The EMM Labs MTRX amplifiers are like the Superman to the Edge NL Reference Clark Kent – it does everything one would want from a big amp, but it does it spectacularly.
It is kind of embarrassing. Who is going to believe it? Absolutely spectacular Dynamics.Absolutely spectacular Resolution, The famous Emm Labs purity to the Harmonics. And it makes it seem so blasted Easy. The 4 basic food groups for amplification, right?
*I* think this is bigger than the EMM Labs CDSA [Remember? Their $10K player that easily beat all other solid-state players at the time, up to and including the big Burmester/Esoteric/dCS $60K players?].
Like the XDS1, the MTRX background is startlingly quiet. The music is very, very clear sounding. You can hear way, way, WAY into the music [I find myself thinking ‘you jokers!’ to Radiohead because of all the shenanigans they play with weird noises in the very deep subtle backgrounds of the main melodies].

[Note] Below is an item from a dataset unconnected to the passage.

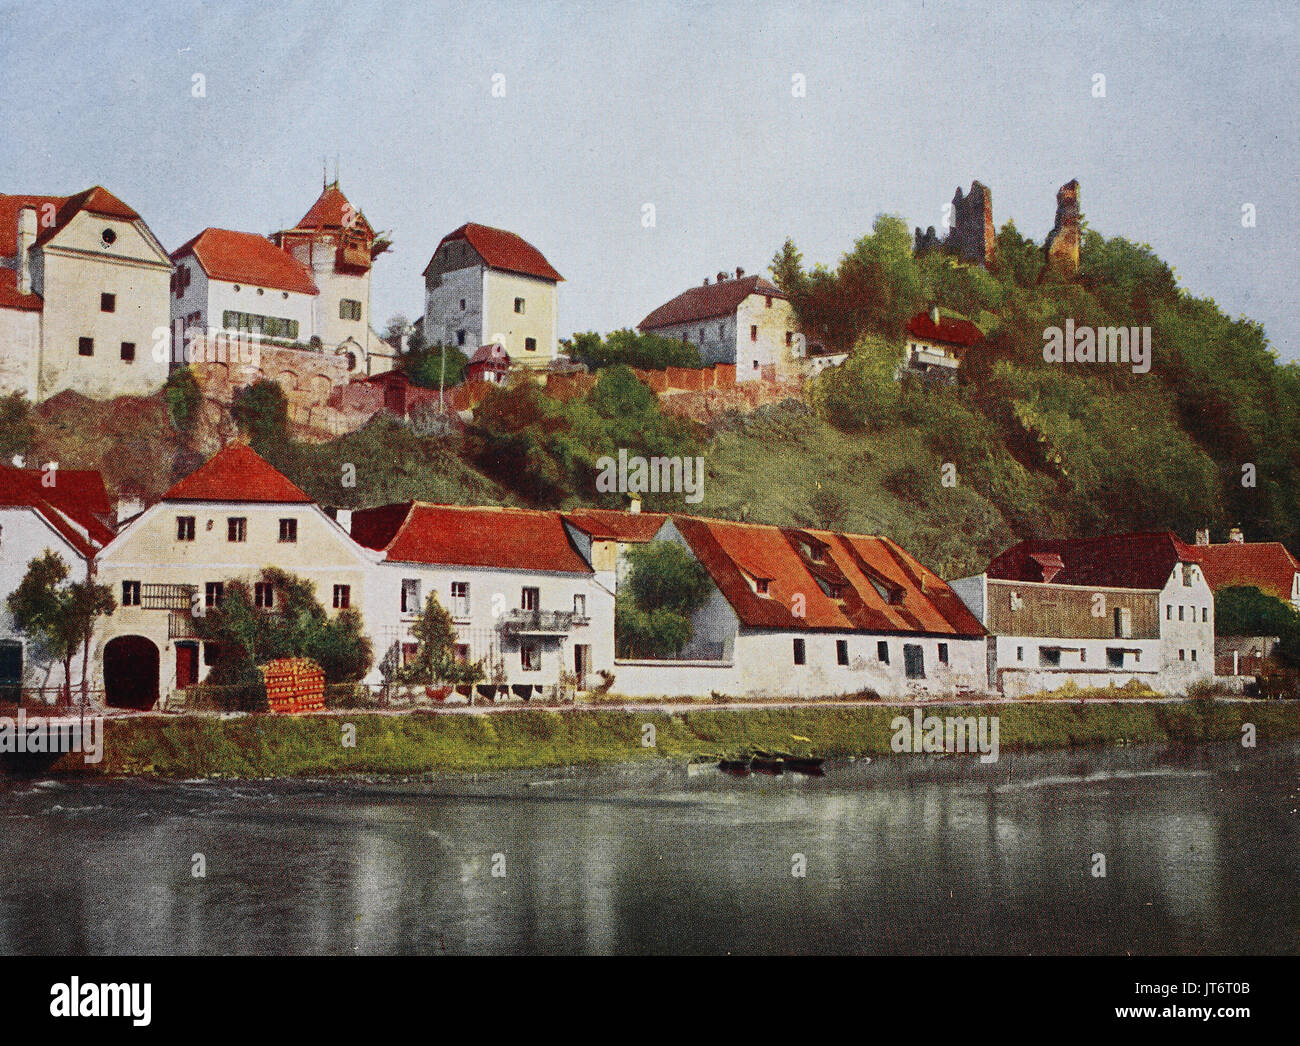 Historisches Foto der Hals in der Nähe von Passau, Bayern, Deutschland,  Digital verbesserte Reproduktion eines Bildes zwischen 1880 - 1885  veröffentlicht Stockfotografie - Alamy

The primary change I hear after 10 days of warm up is that the characteristic Emm Labs ‘tonal purity’ has been enhanced. You could definitely hear it 10 days ago – but now it calls attention to itself. Just like when you hear an instrument in real life. The tone man. The Tone!
Moving forward, I am going to have to start listening to a different CD. I keep getting distracted by my enjoyment of the music and forgetting I am supposed to be figuring out how these amps sound different than other amps. Maybe we’ll put on one of Neli’s CDs that are really, really, really.. you know… boring(?) next [No, of course I won’t say which ones. What? Do you think I’m nuts??? ;-)]
The Emm Labs MTRX amplifiers are $130K. The two-box Audio Note M9 Phono full function preamplifier is $145K or thereabouts [our several year-old demo model is available at a very nice price. North America only. Sorry.] And … our demo Acapella Atlas speakers are also available. We would love to move the Atlas to a new home before CES. Email us or call Neli for details 303-546-6503].
Oh, and the Edge M12 monoblock amplifiers; a wonderful amp that performs way above its price class, on consignment also at a very reasonable price].
Sunshine! Yay! [about 69% of our days are sunny here. Pretty near the top of the sunniest cities in the U.S (Wow, Yuma!). We get glum and gloomy when there isn’t any sun out ].